AIM OF THE TASK: After locating the line that contains "Variegated snake plant" in the data below, set down exactly that line and each one after it through the line that contains "Birthplace of Wolfgang", and nothing more.

AVAILABLE DATA:
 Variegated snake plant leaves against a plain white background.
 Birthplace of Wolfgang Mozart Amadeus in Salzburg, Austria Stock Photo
* * *
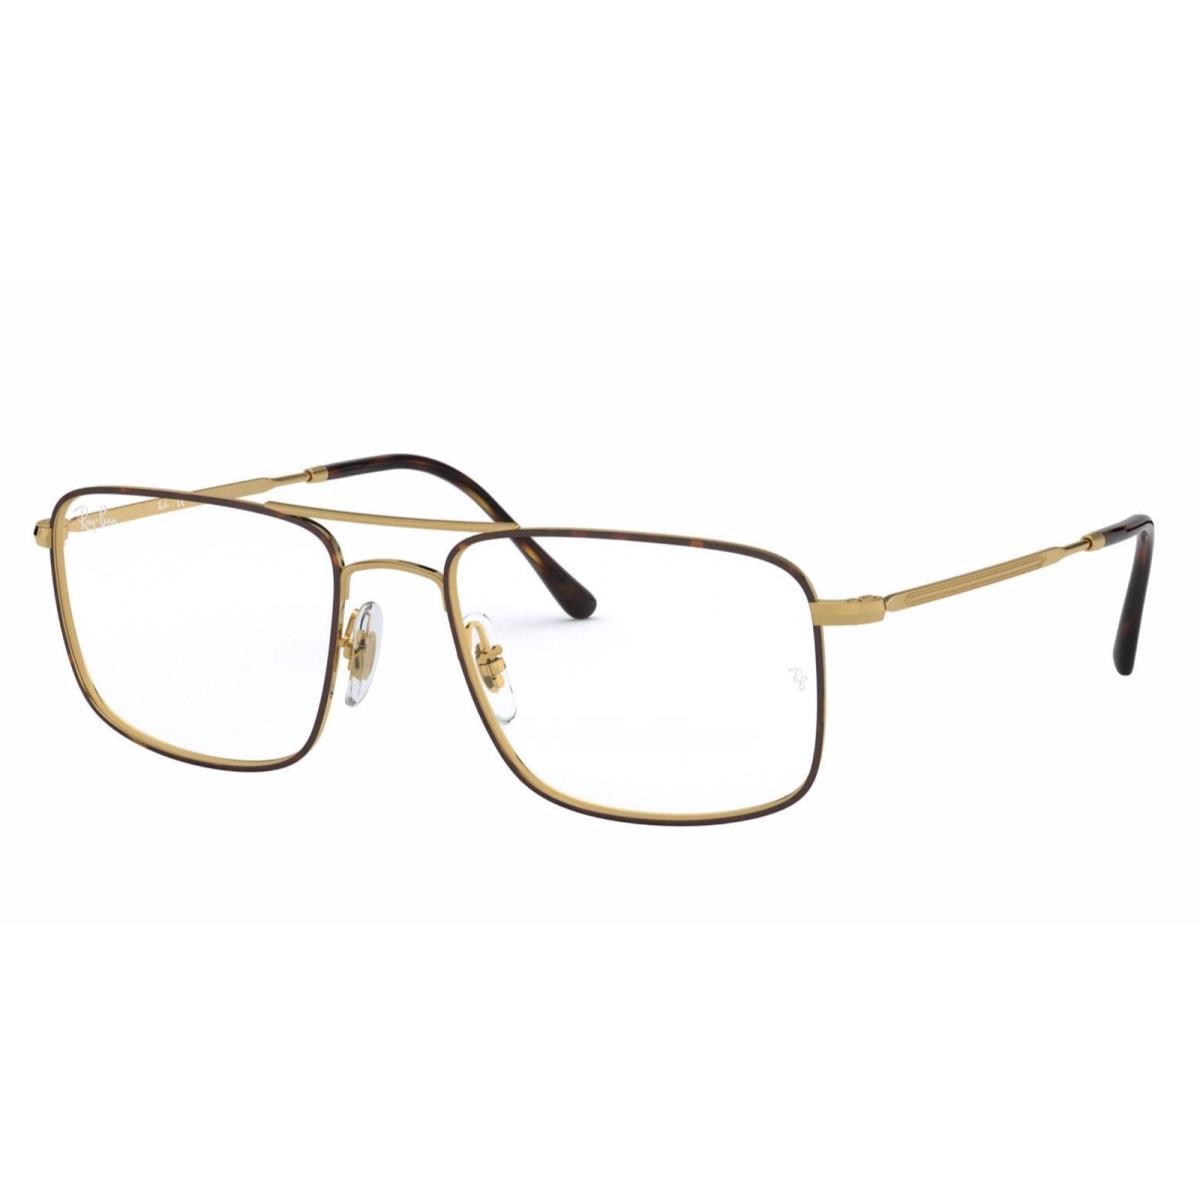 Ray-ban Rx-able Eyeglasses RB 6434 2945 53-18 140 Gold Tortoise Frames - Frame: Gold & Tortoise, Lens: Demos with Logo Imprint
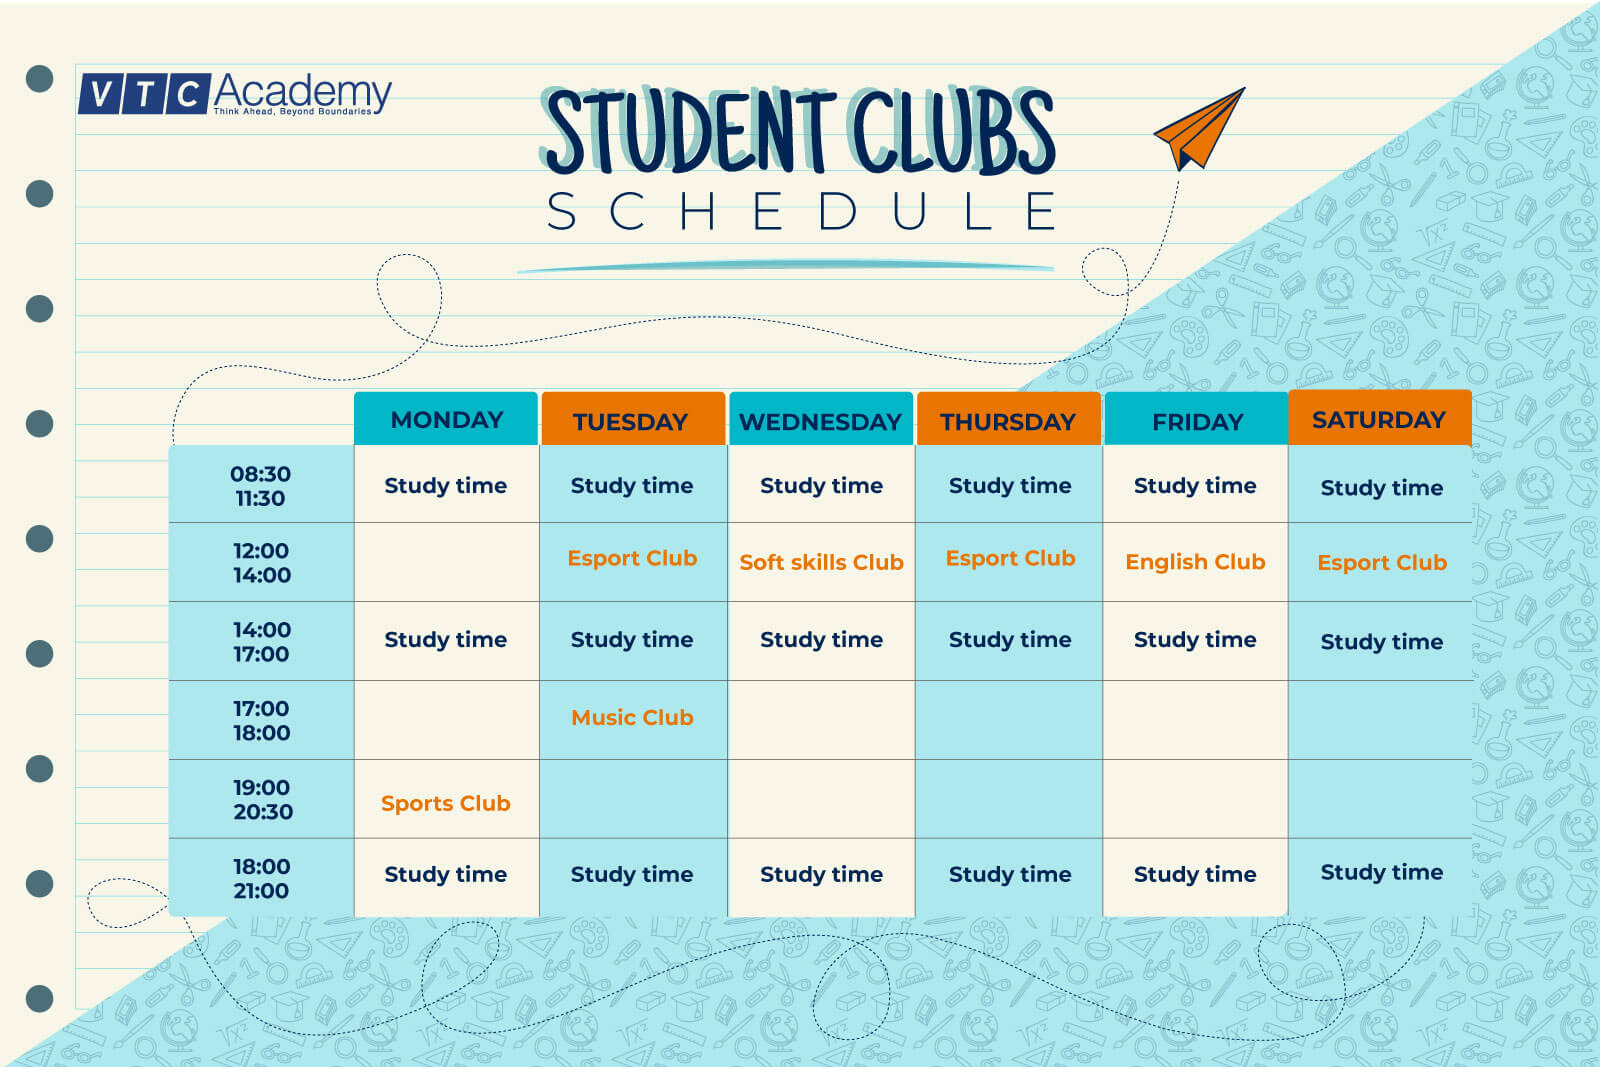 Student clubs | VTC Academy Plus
...
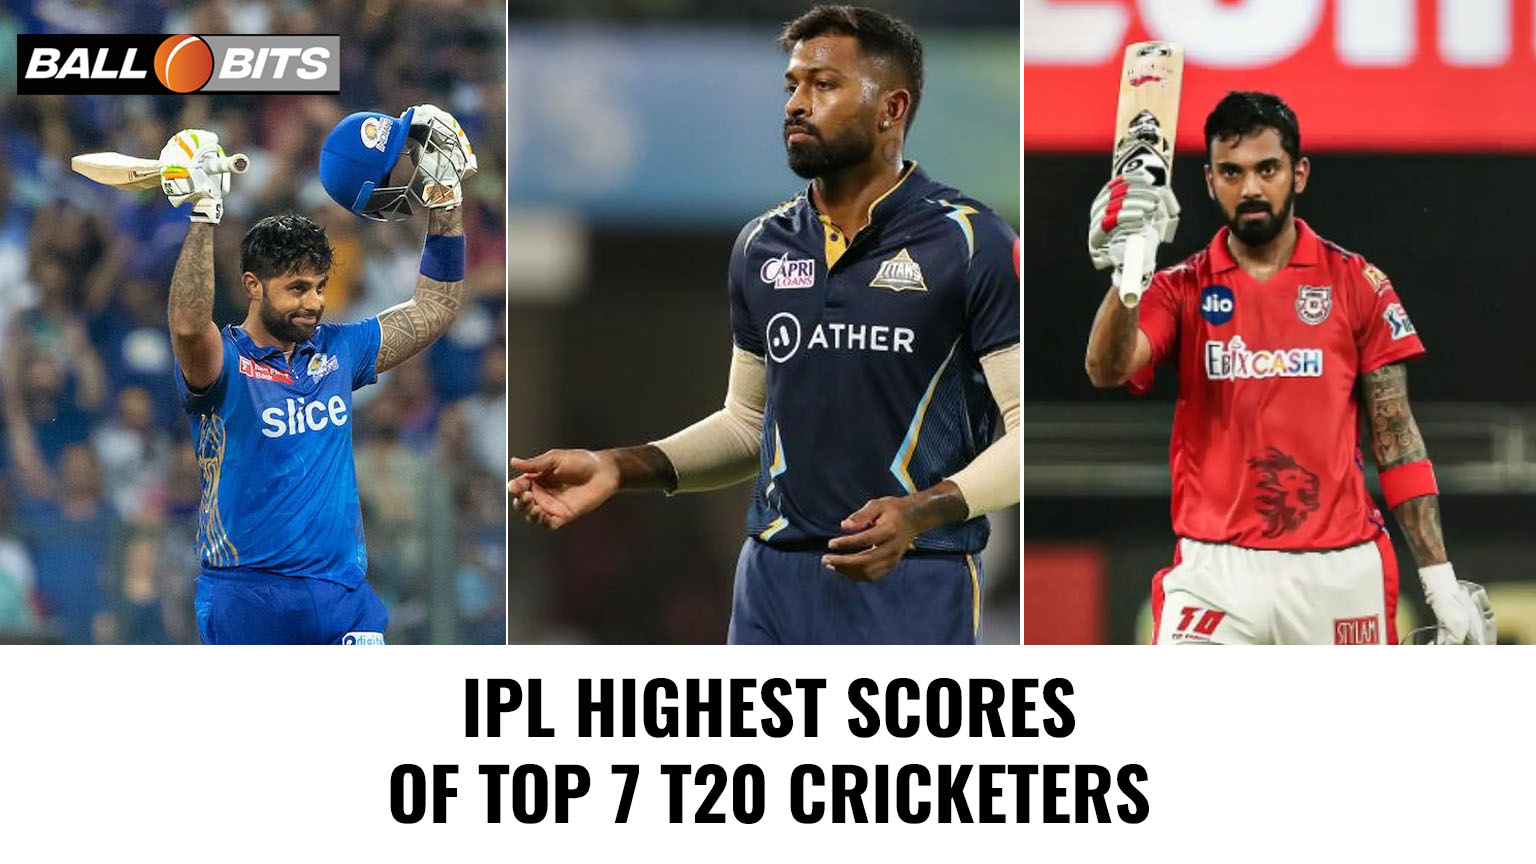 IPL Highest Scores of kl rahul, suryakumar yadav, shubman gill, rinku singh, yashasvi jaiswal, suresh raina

THE ANSWER:
 Variegated snake plant leaves against a plain white background.
 Birthplace of Wolfgang Mozart Amadeus in Salzburg, Austria Stock Photo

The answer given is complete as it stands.